Task goal –
Copy the data below exactly. Any pictures in it should be omitted.

Data block –
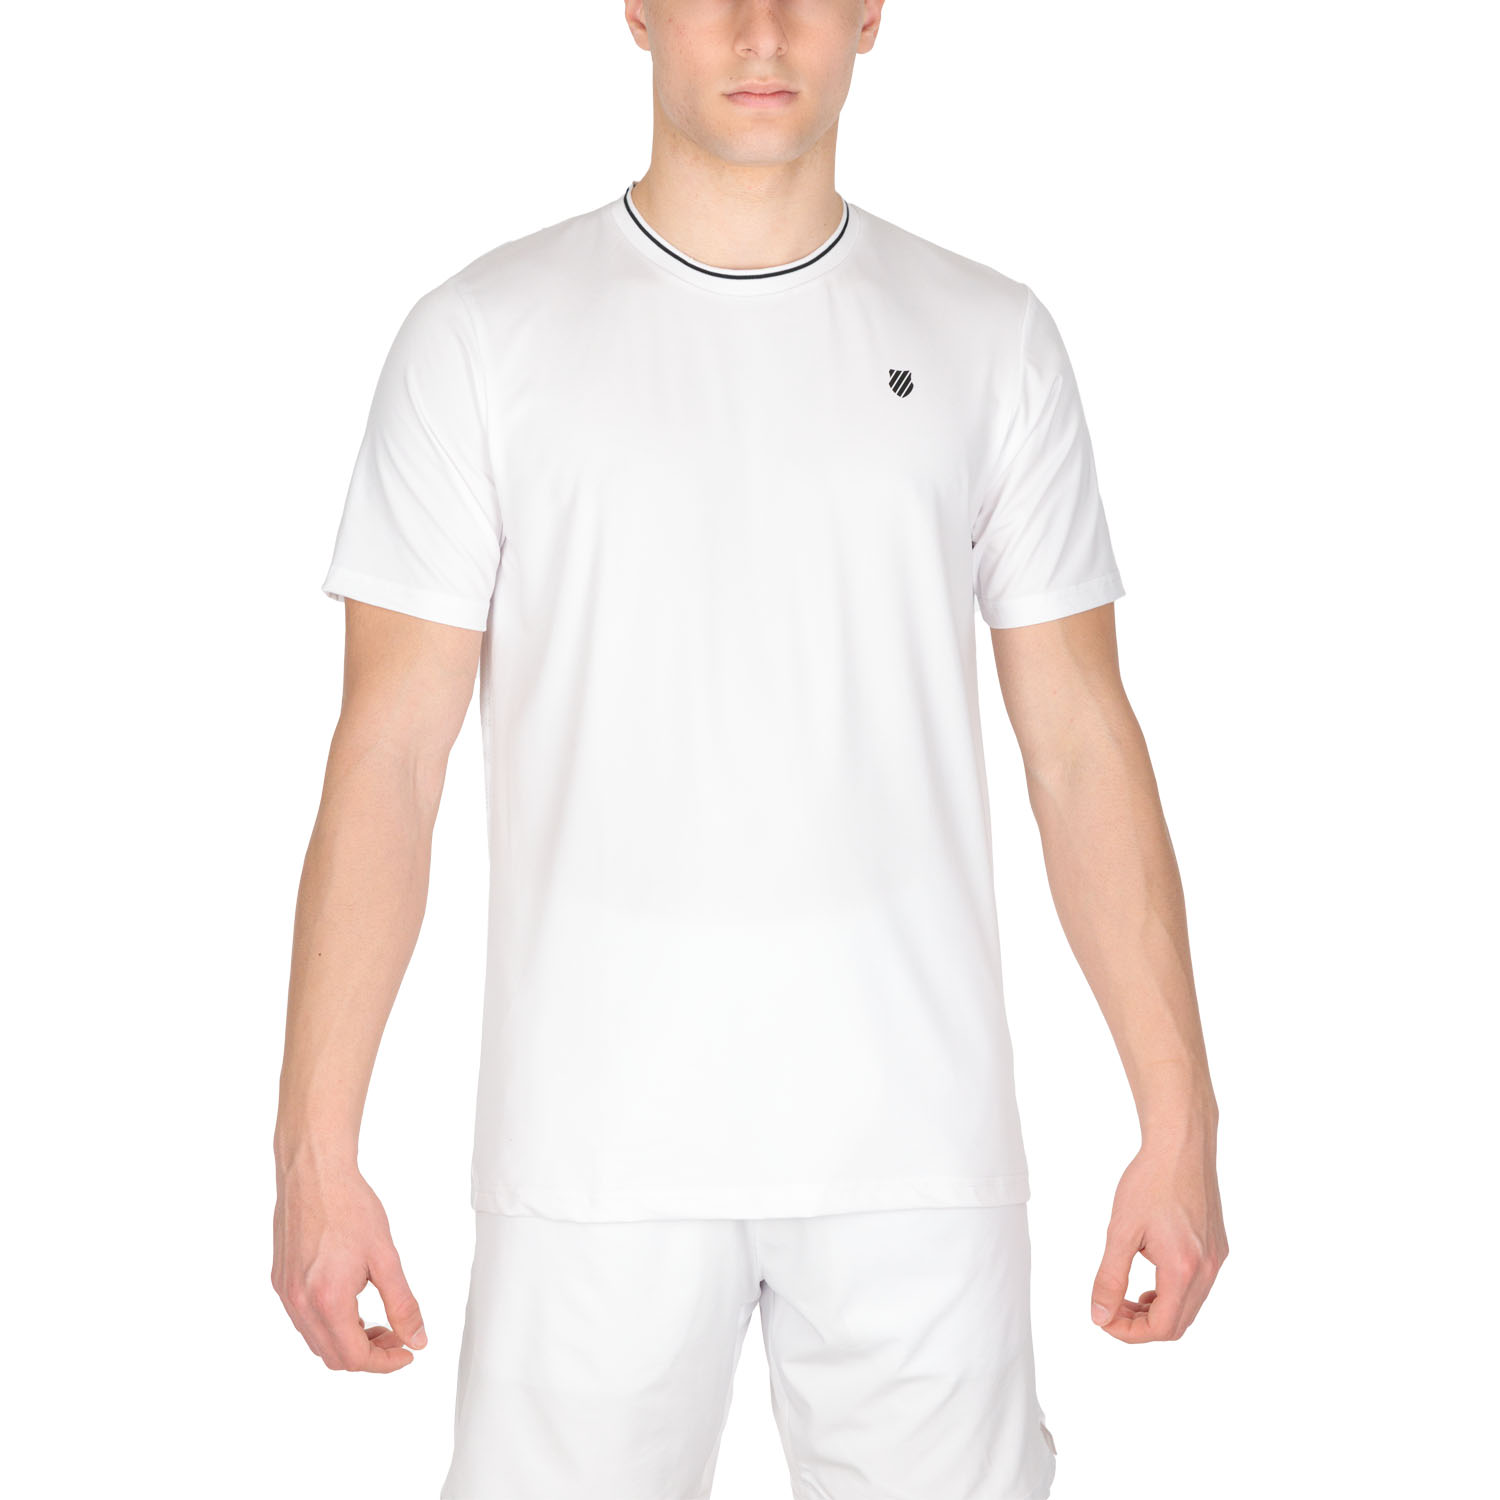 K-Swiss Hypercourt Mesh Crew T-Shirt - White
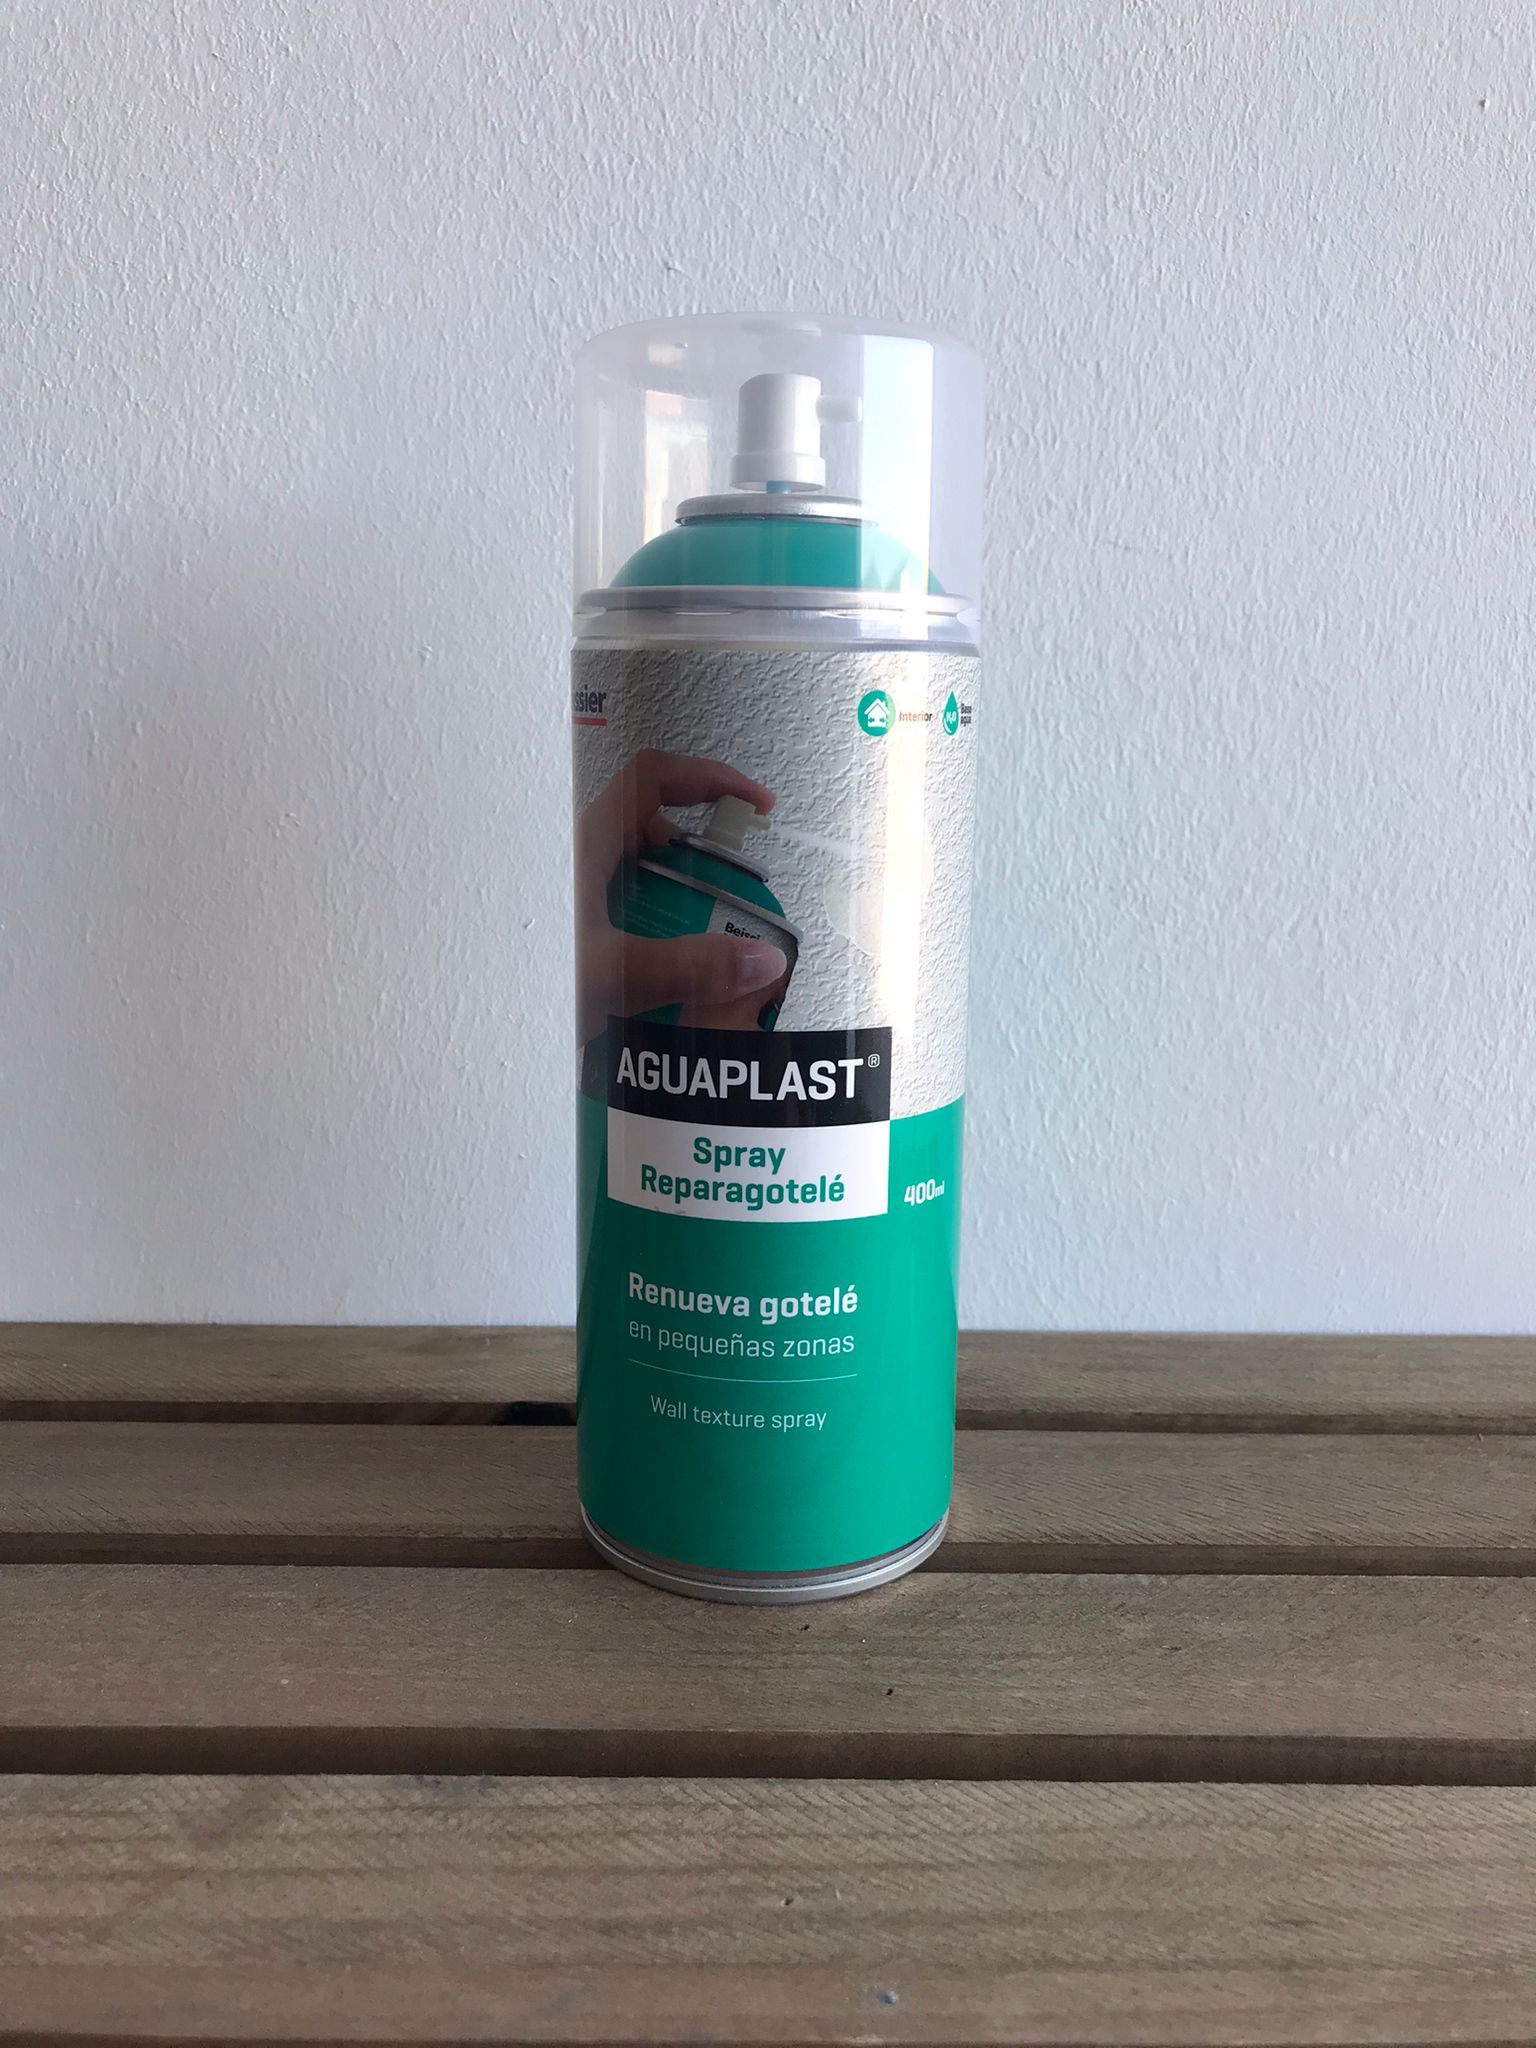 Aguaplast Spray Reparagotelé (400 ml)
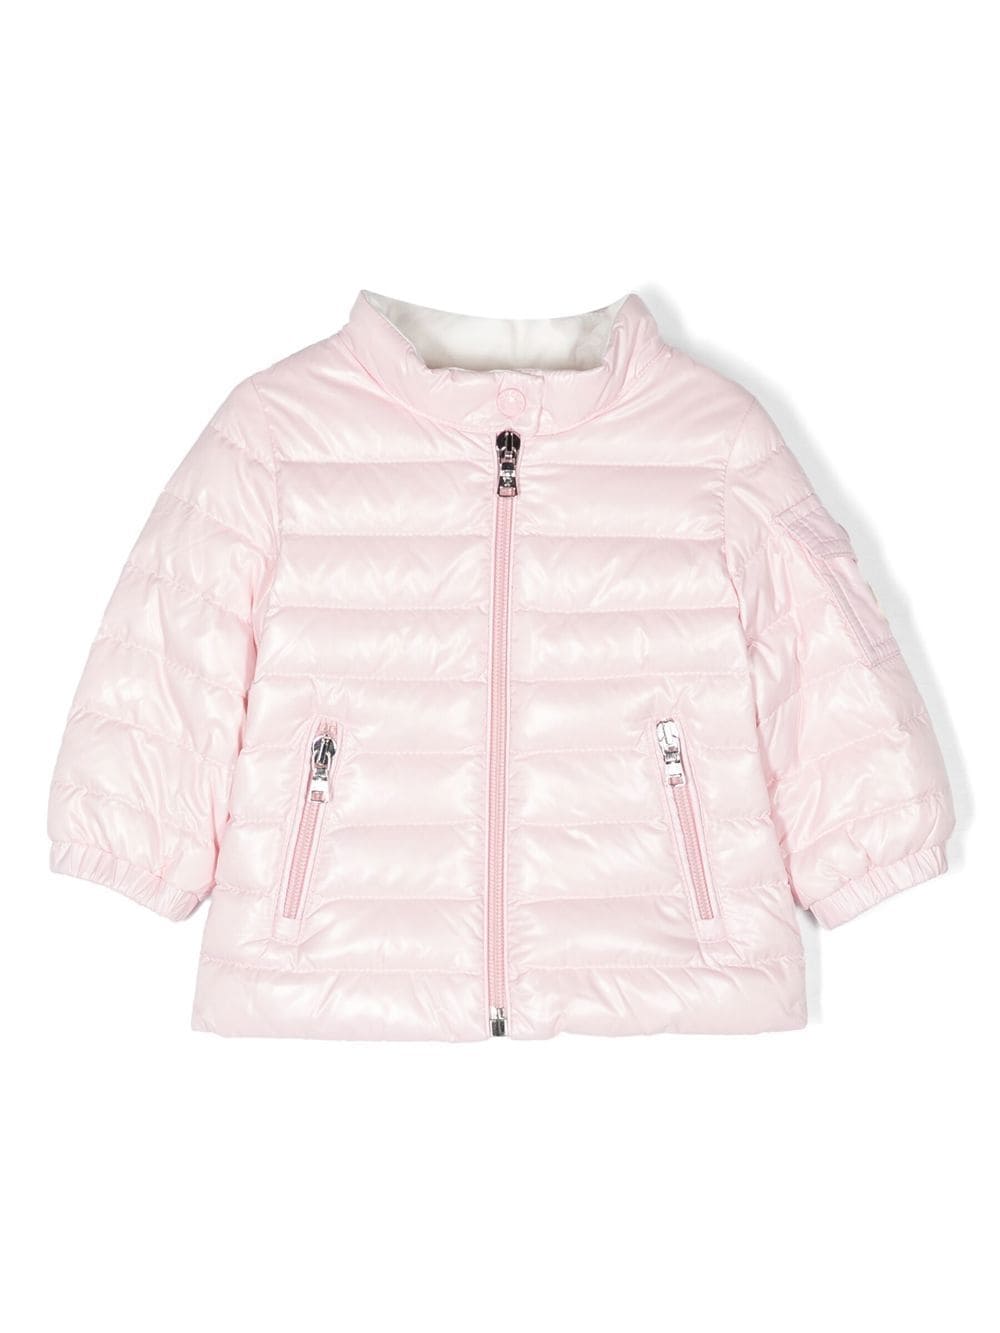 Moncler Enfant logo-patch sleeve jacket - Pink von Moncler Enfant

Exercise output –
 K-Swiss Hypercourt Mesh Crew T-Shirt - White
 Aguaplast Spray Reparagotelé (400 ml)
 Moncler Enfant logo-patch sleeve jacket - Pink von Moncler Enfant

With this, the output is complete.